Beam v. Stewart
Beam is a ruling on a defendant's 23.1 motion to dismiss. In the 23.1 motion, the defendants are arguing that demand was not futile under the relevant test (Rales in this case), and plaintiffs should have properly made demand. Plaintiffs argue that they didn't make demand because doing so would have been futile because of the board's lack of independence from Martha Stewart and the fact that Stewart was interested in the transaction.
The Chancery Court articulated the standard at issue here in the following way:
“Because this claim does not challenge an action of the board of directors of MSO, the appropriate test for demand futility is that articulated in Rales v. Blasband.
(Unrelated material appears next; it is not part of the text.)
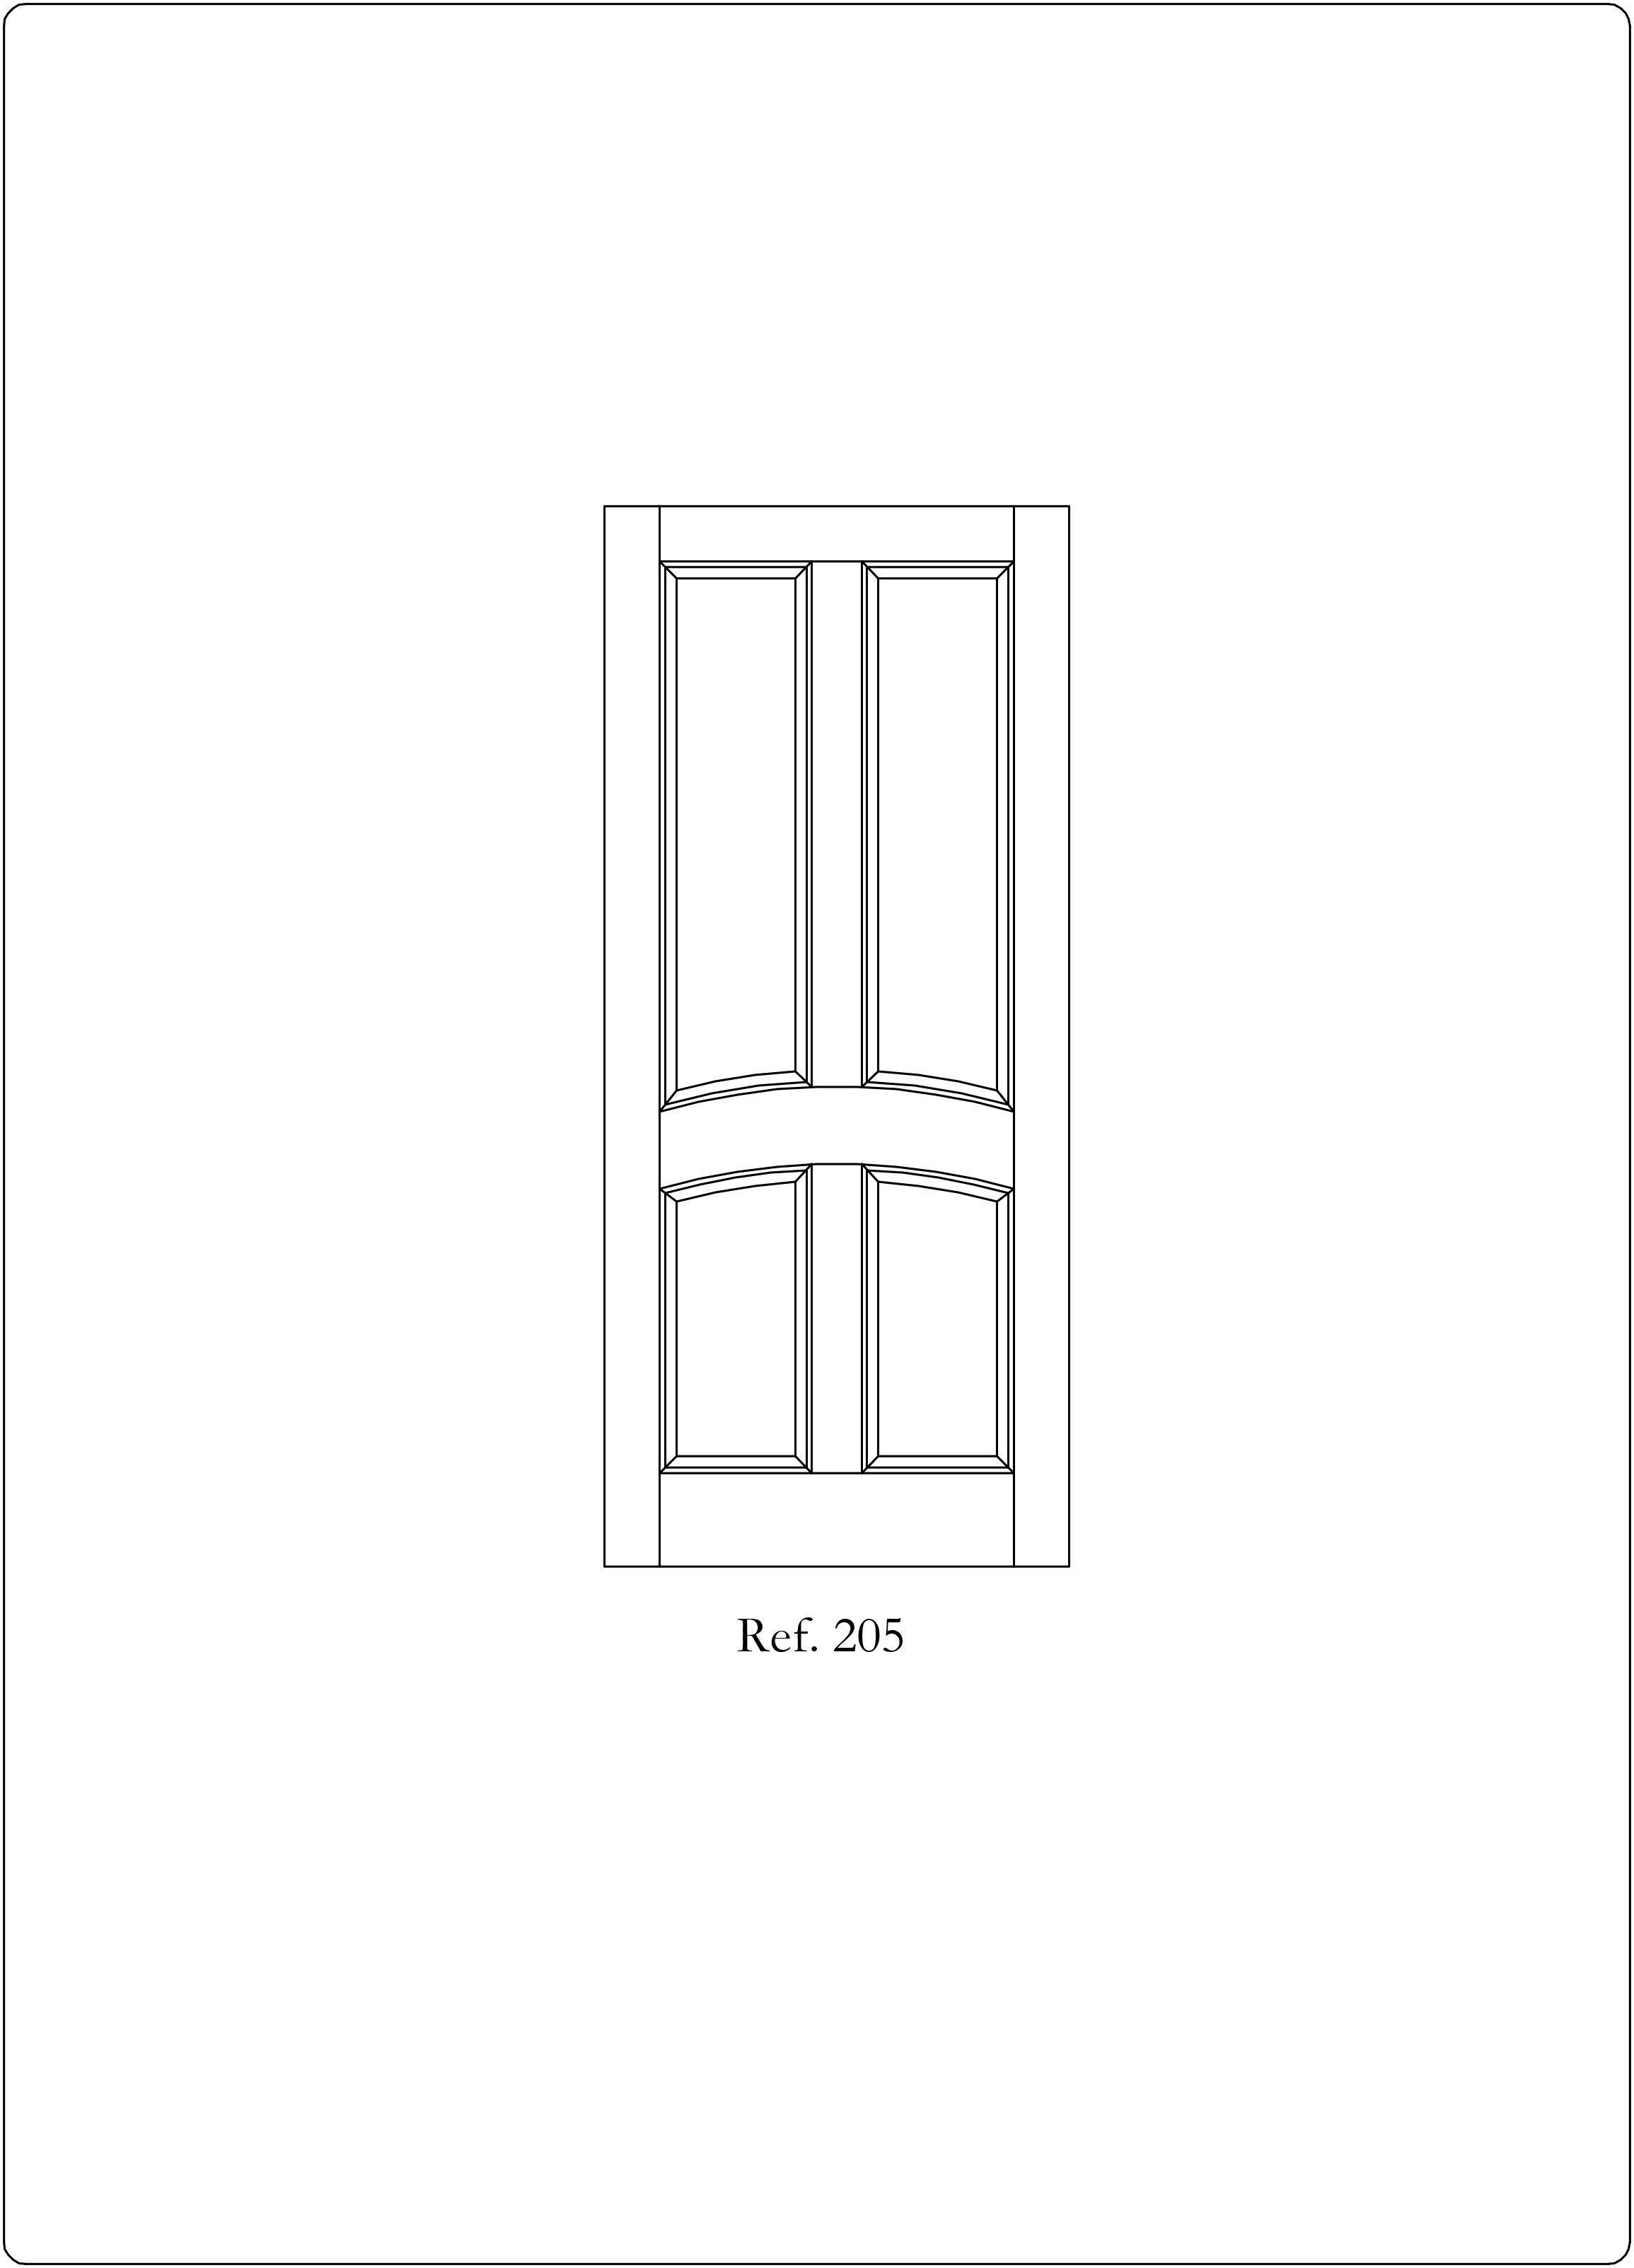 Design Shop Drawings - Stilewood International Doors and Windows

Particularly, the Court's task is to evaluate whether the particularized allegations “create a reasonable doubt that, as of the time the complaint [was] filed, the board of directors could have properly exercised its independent and disinterested business judgment in responding to a demand.” Rales requires that a majority of the board be able to consider and appropriately to respond to a demand “free of personal financial interest and improper extraneous influences.” Demand is excused as futile if the Court finds there is “a reasonable doubt that a majority of the Board would be disinterested or independent in making a decision on demand.”"
It is important to your understanding of Beam to remember that when the court approaches the question of interestedness and independence of the board in a 23.1 motion to dismiss, the board enjoys the benefit of the business judgment presumption. That means the plaintiff in its pleadings must allege facts to overcome that presumption. Mere statements that board members are either interested or not independent will not be sufficient to establish demand futility.